Another compelling reason to disclose CT data is that history has shown us that confidentiality in this data can lead to bias in reporting the outcomes of trials, while depriving researchers of the opportunity of verification of claims. For instance, independent researchers could only gain access to additional clinical study reports for Tamiflu via a freedom of information request to the EMA. These reports revealed that serious adverse events were not reported in published papers and the manufacturer’s claims were not consistent with CT data. Incomplete reporting also hinders doctors from being able to come up with the best treatment for patients.

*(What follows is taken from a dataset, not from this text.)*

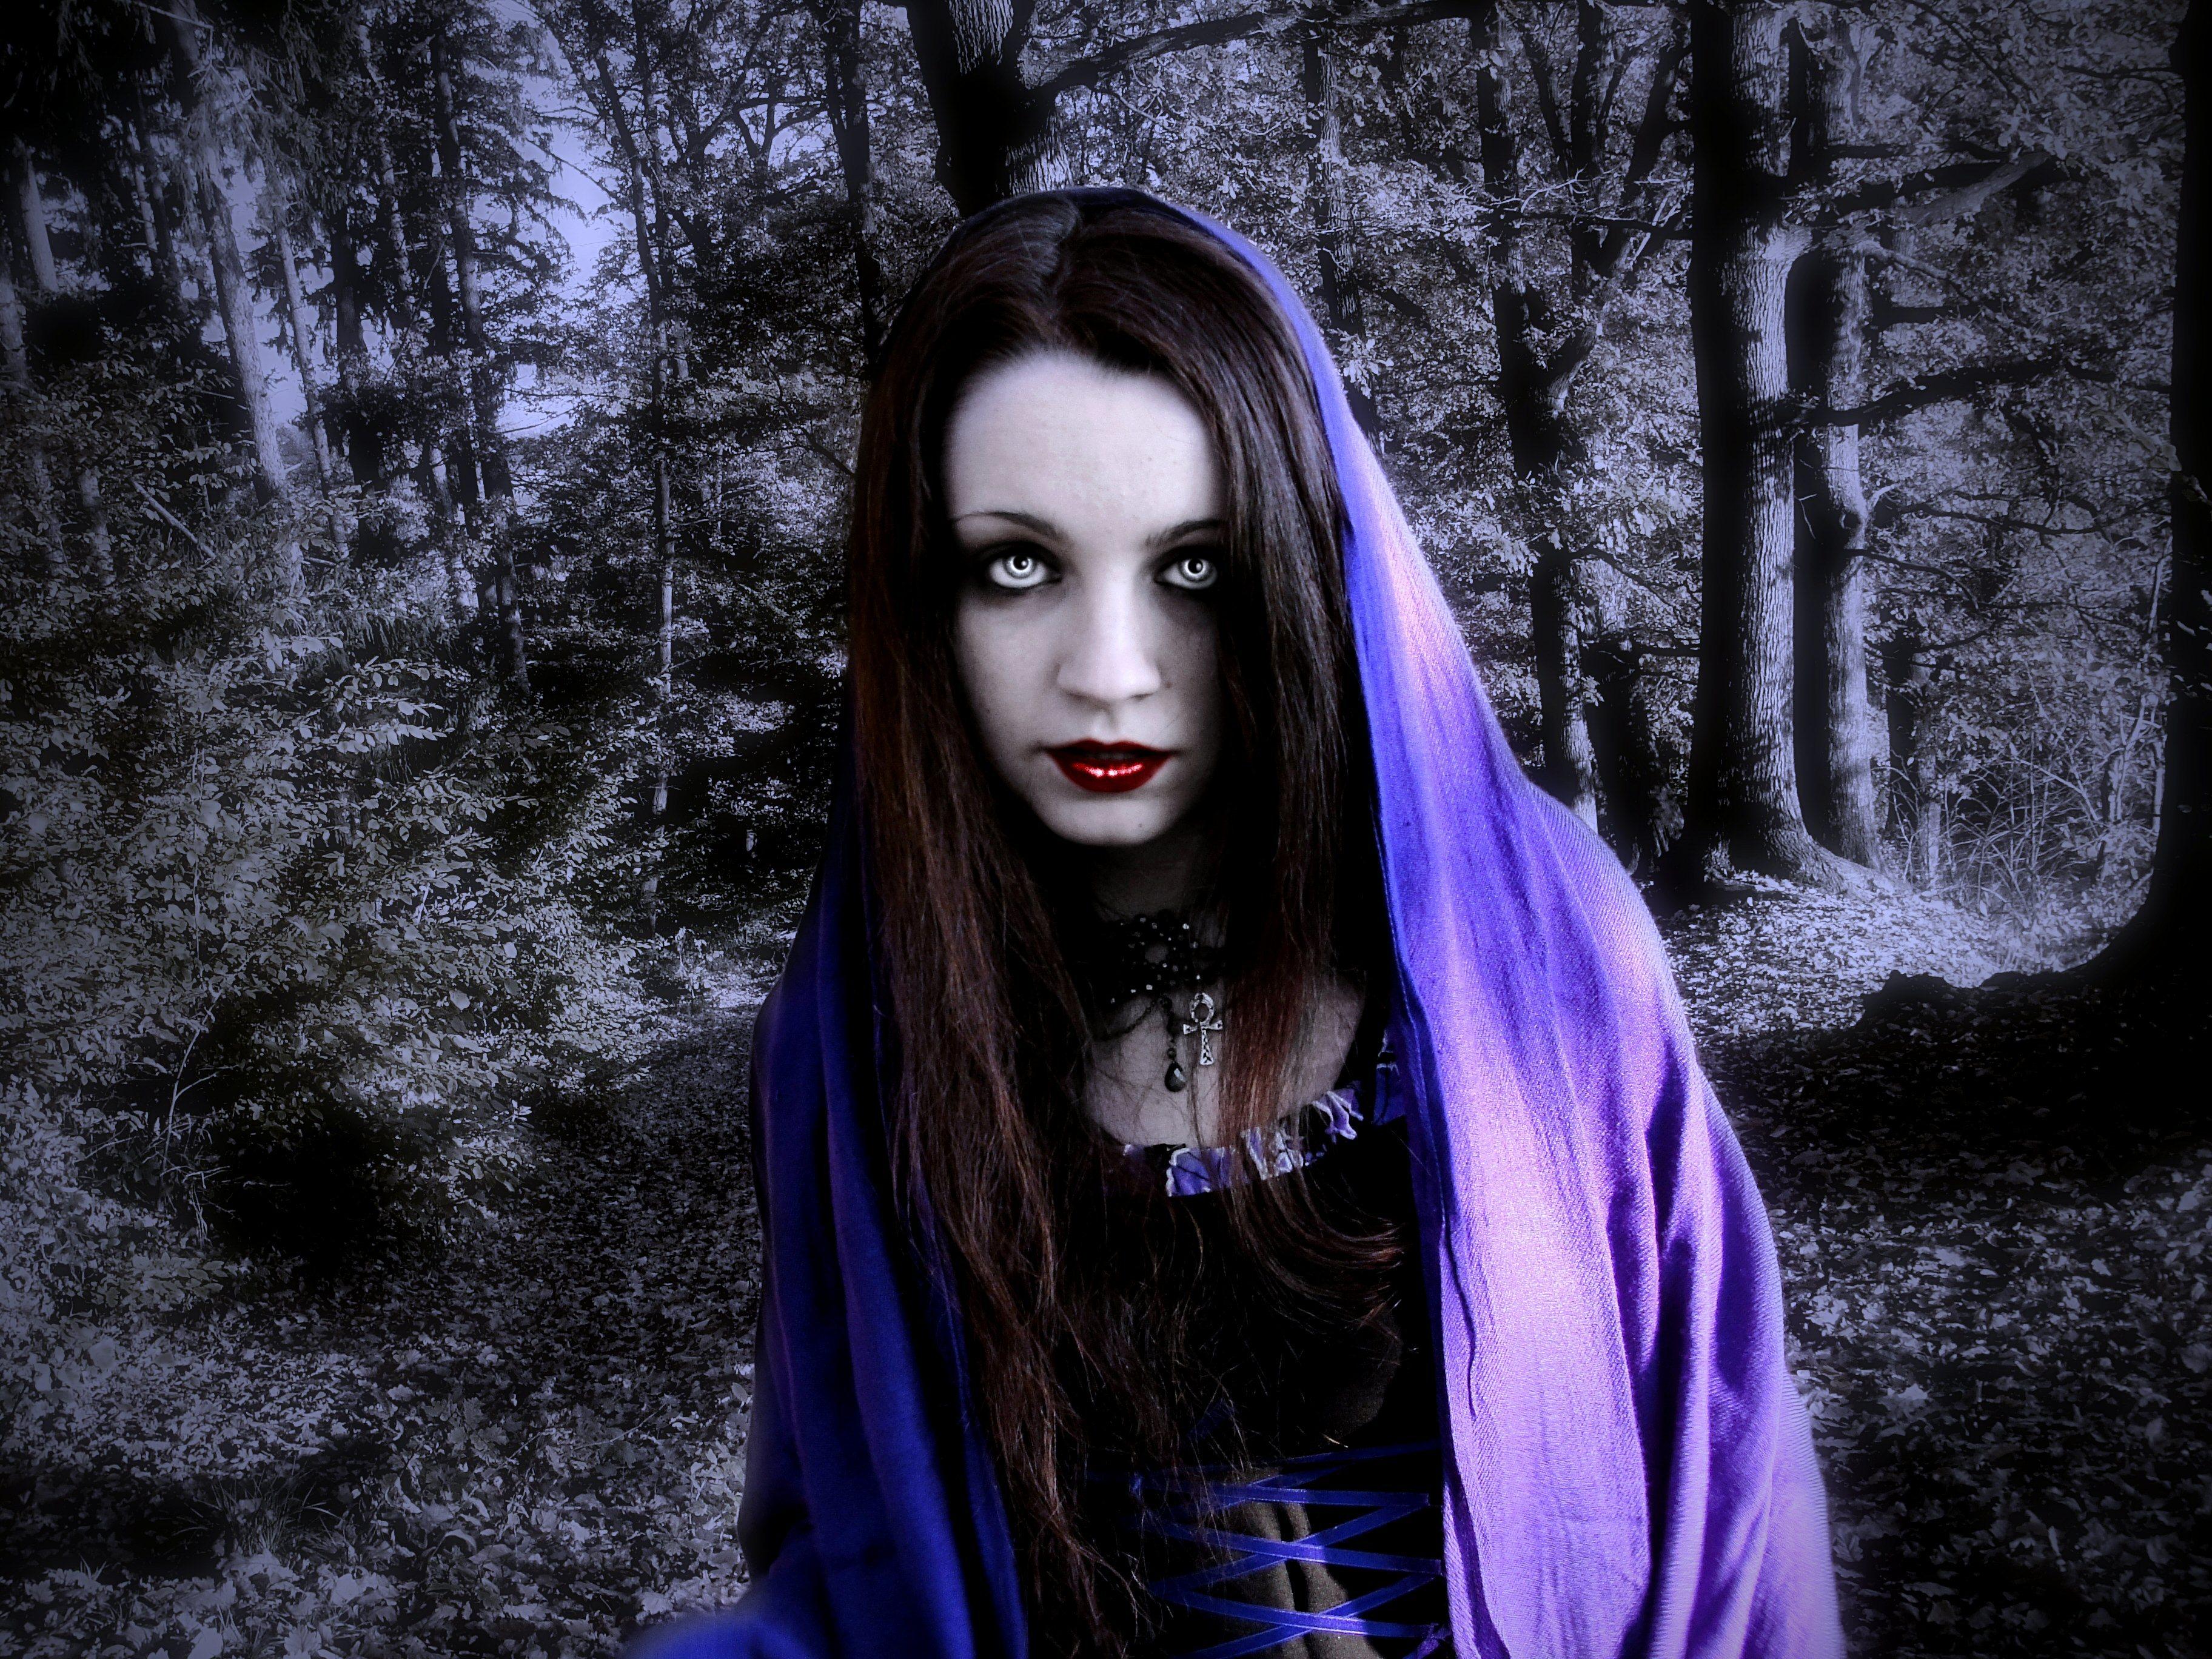 Картинки страшные вампиров

Refusal to share the CT data of Covaxin reveals the extraordinarily opaque functioning of the CDSCO. The Clinical Trials Registry Database makes some information publicly available regarding sponsors, ethics committees, regulatory clearance status etc. but this is far from ideal. Data regarding serious adverse events associated with clinical trials and specific drugs, Good Clinical Practice inspections at trial sites and the number of inspections by the CDSCO and are not publicly available. This is unlike other jurisdictions, for instance, the US FDA website provides convenient public access to details of warning letters issued by their regulatory agencies with information regarding the specific violations and deficiencies found, dates of inspections and further action to be taken to remedy the situation. There will not be a time as urgent as the pandemic to push for this level of transparency in India as well to inspire the faith of the public in the healthcare system.